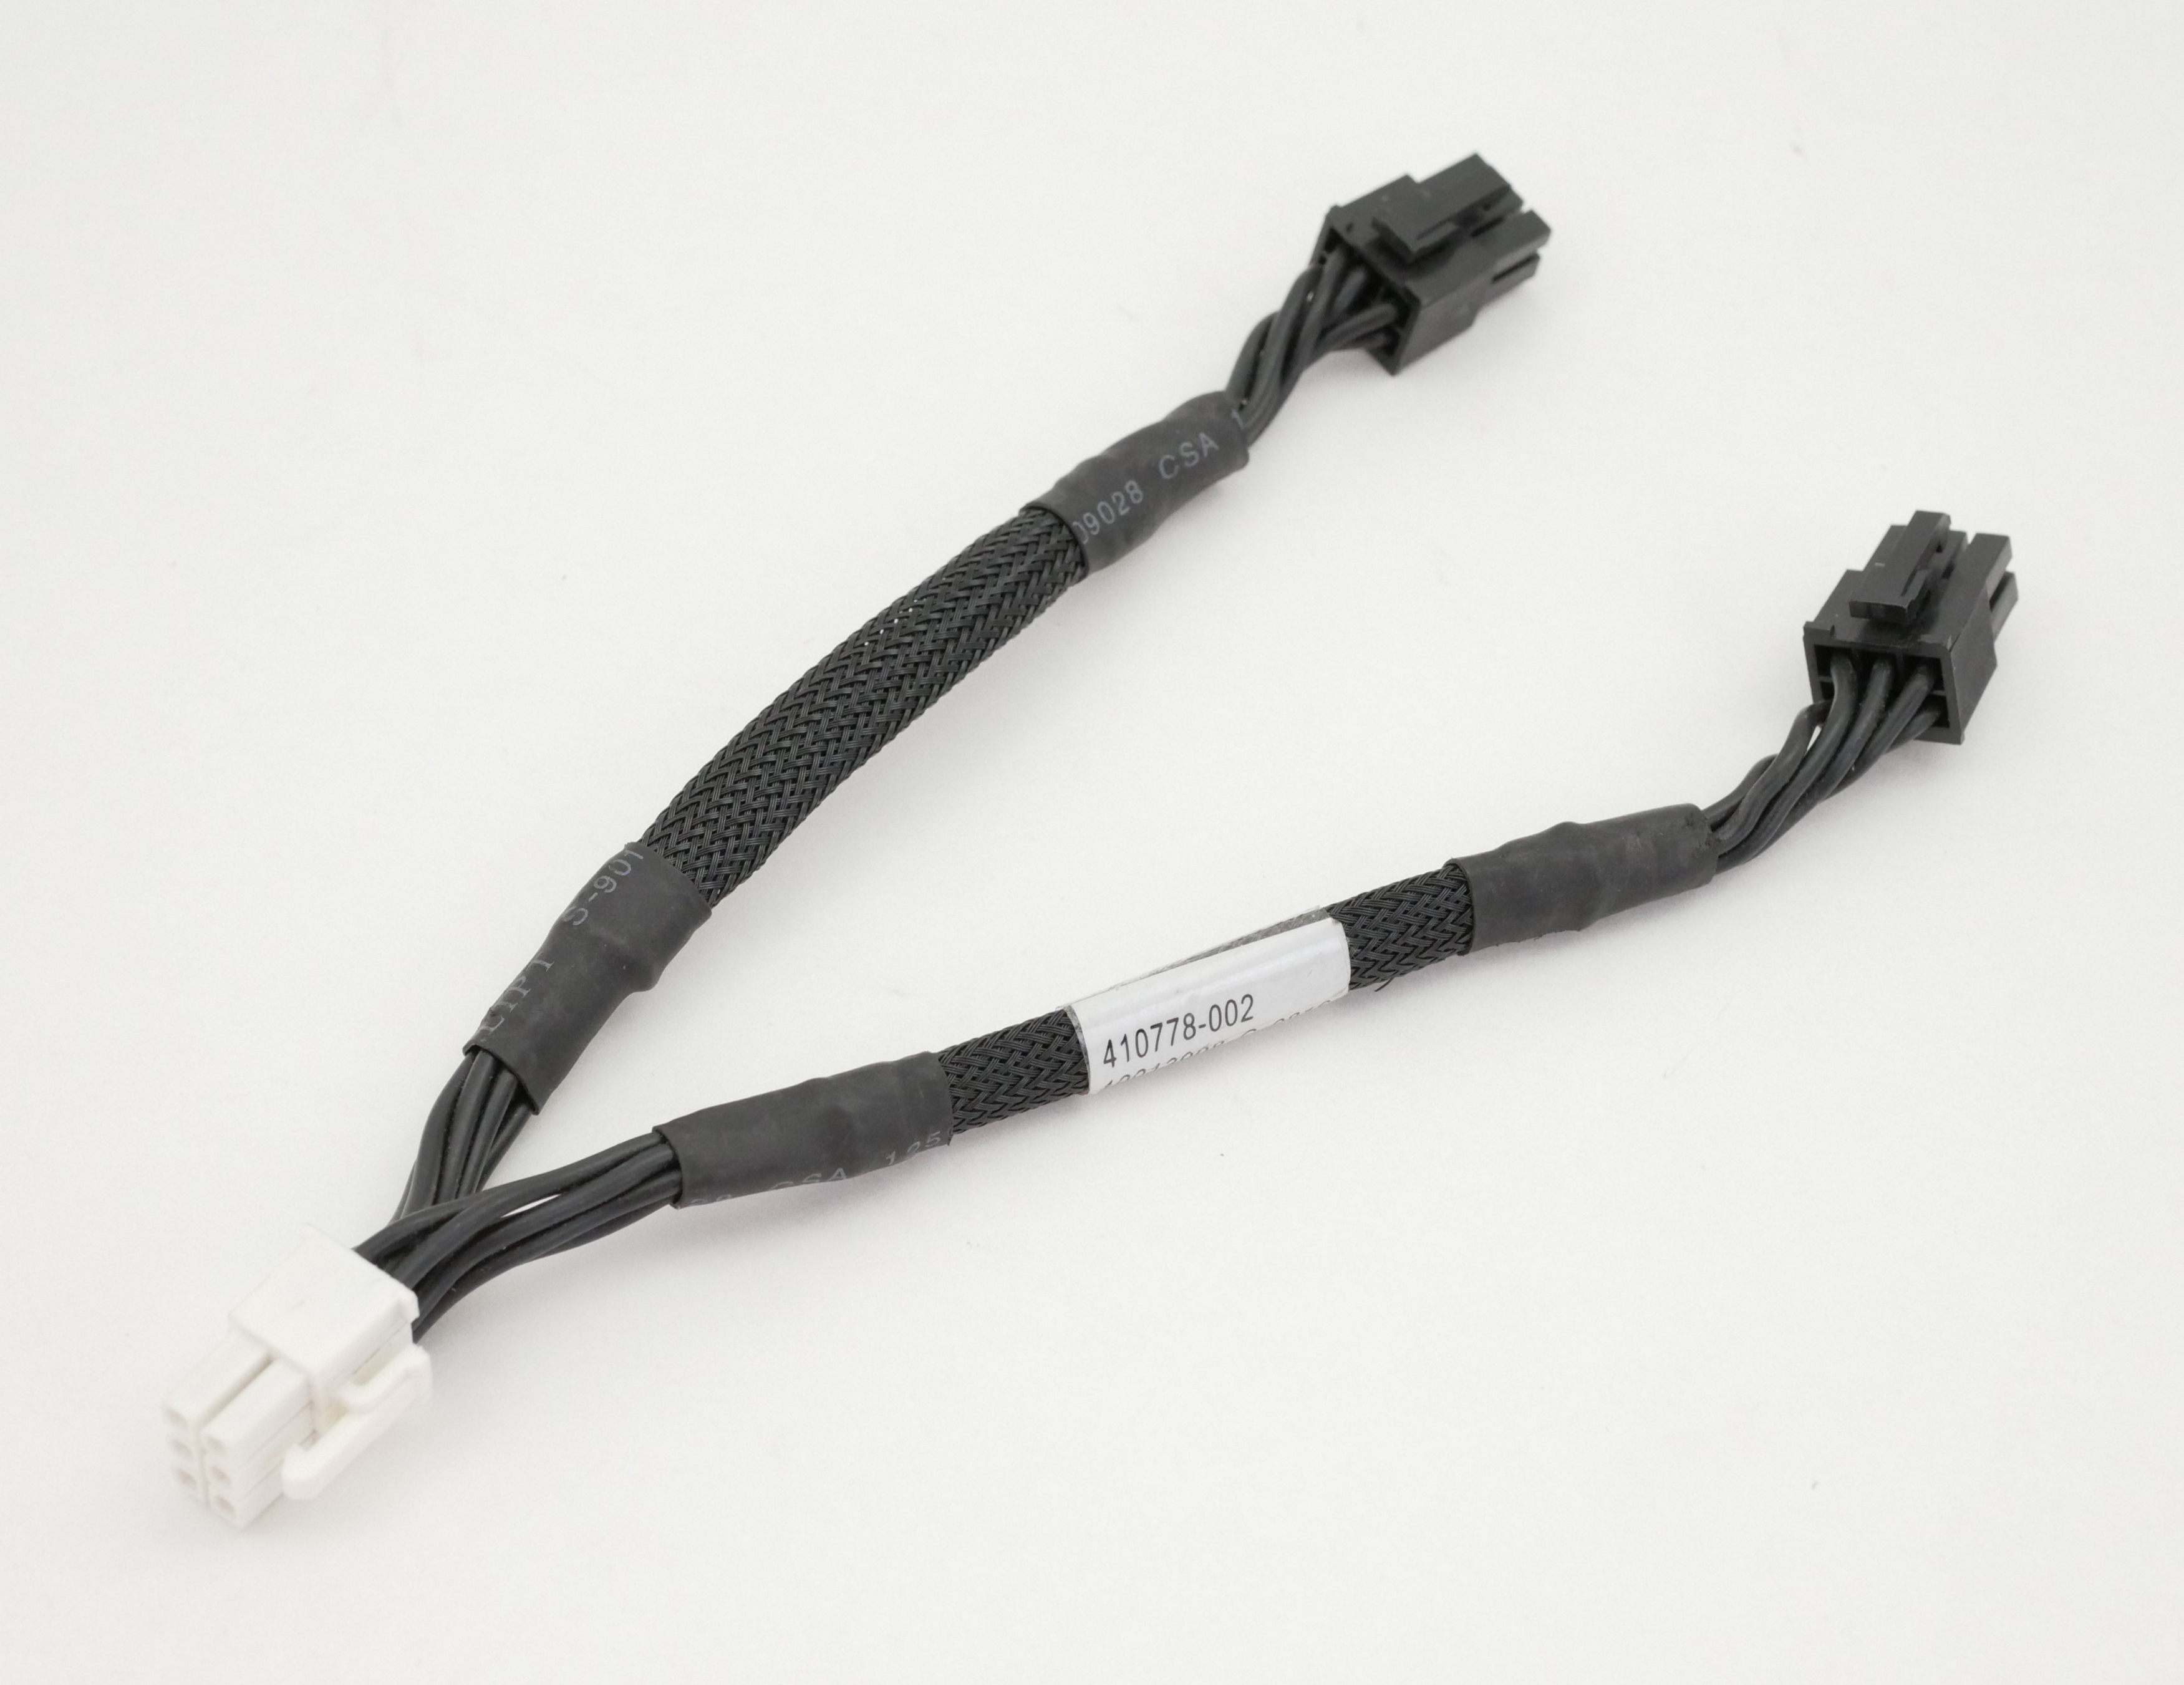 HP PCI Power Cable Y 6" 6pin to dual 6pin 410778-002
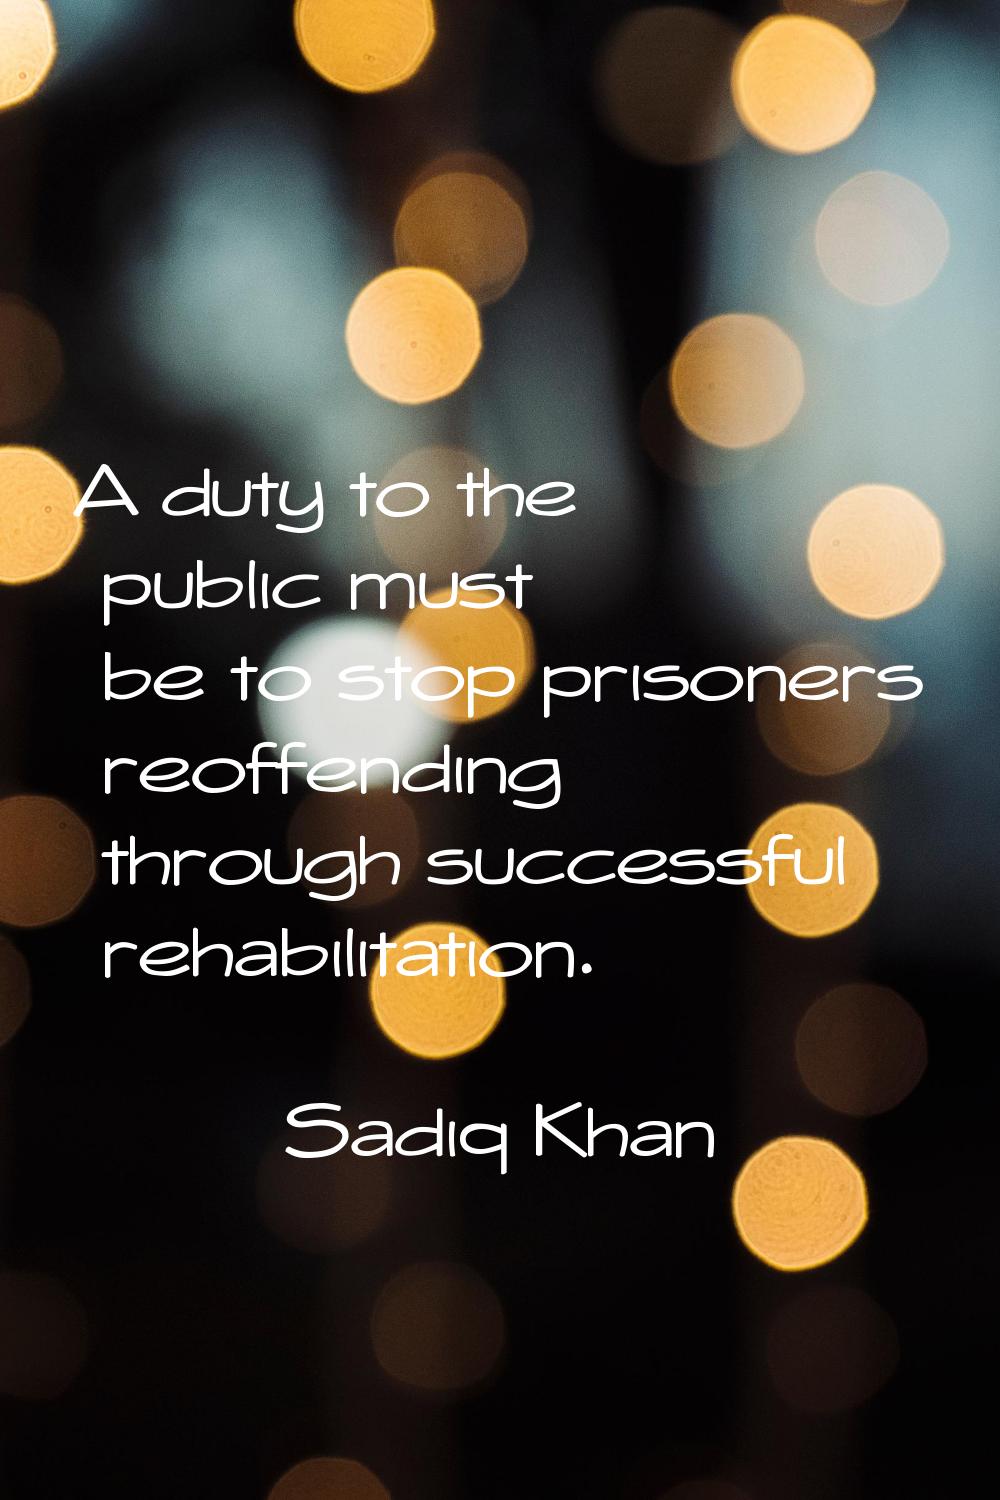 A duty to the public must be to stop prisoners reoffending through successful rehabilitation.
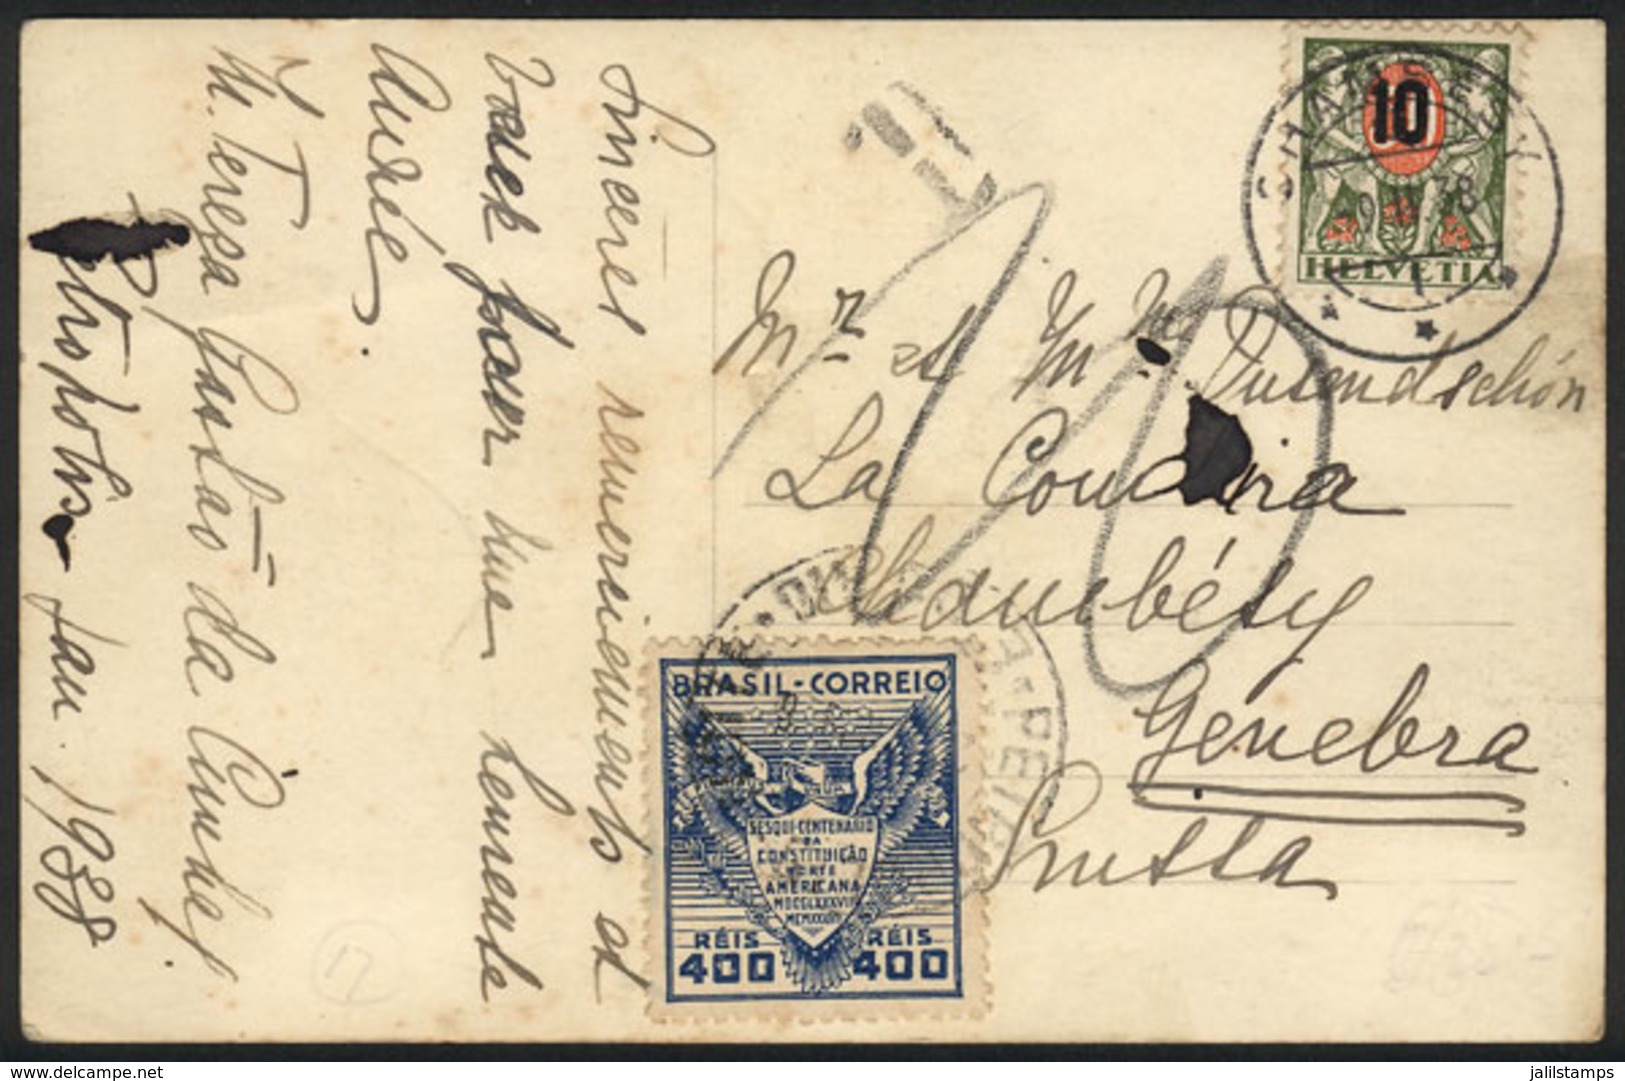 BRAZIL: Postcard Sent From Petropolis To Switzerland On 9/JA/1938, Franked By RHM-C126 ALONE, Upon Arrival It Received A - Prephilately
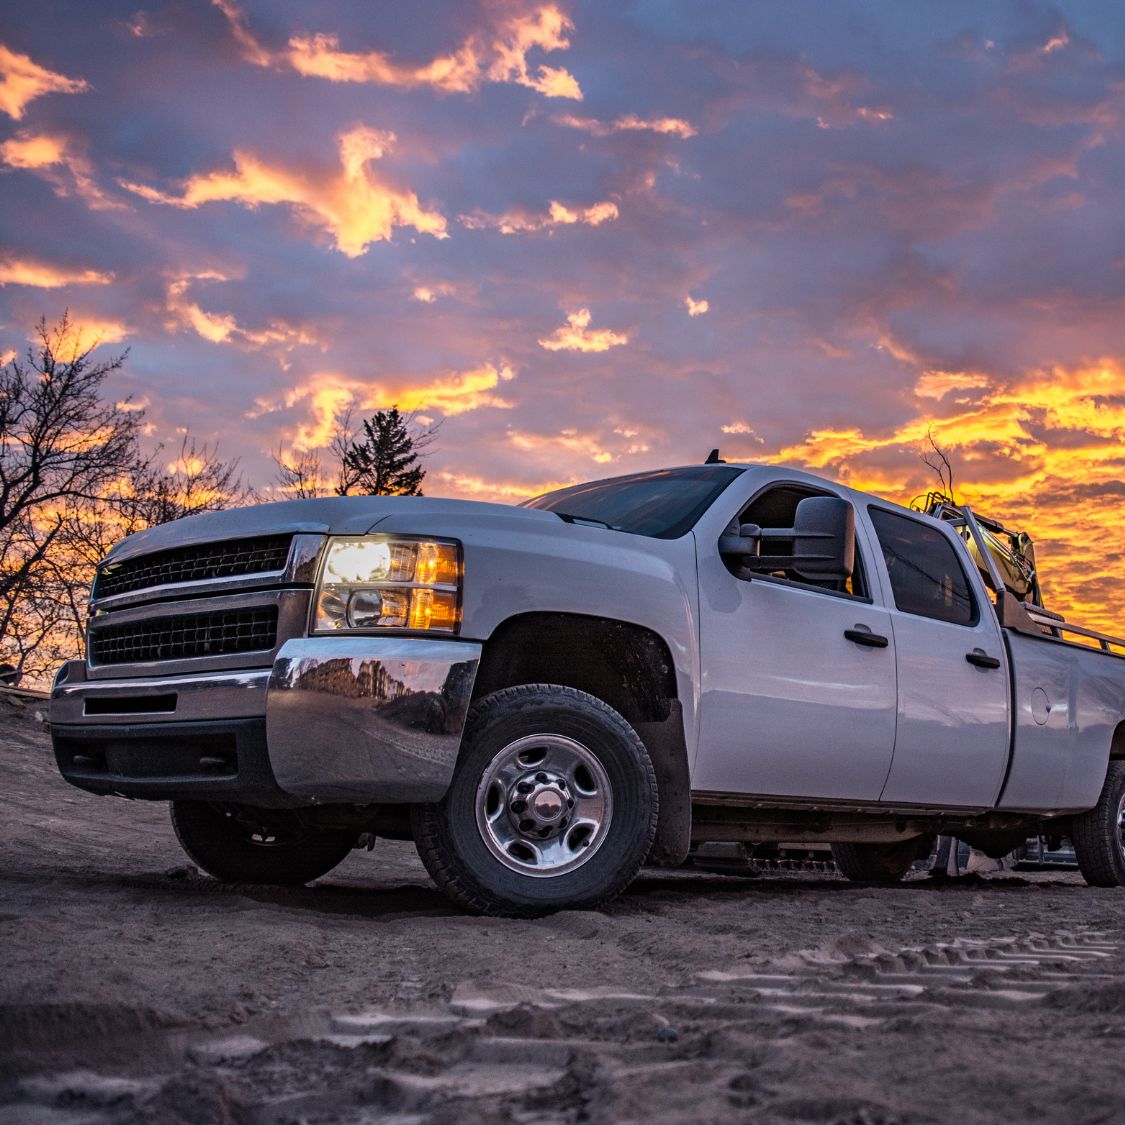 Upgrades That You Need To Improve the Look of Your Truck

Exercise brief: Omit pictures; set down the rest of the material word for word.

Completed exercise:
 HP PCI Power Cable Y 6" 6pin to dual 6pin 410778-002
 A duty to the public must be to stop prisoners reoffending through successful rehabilitation.
 BRAZIL: Postcard Sent From Petropolis To Switzerland On 9/JA/1938, Franked By RHM-C126 ALONE, Upon Arrival It Received A - Prephilately
 Upgrades That You Need To Improve the Look of Your Truck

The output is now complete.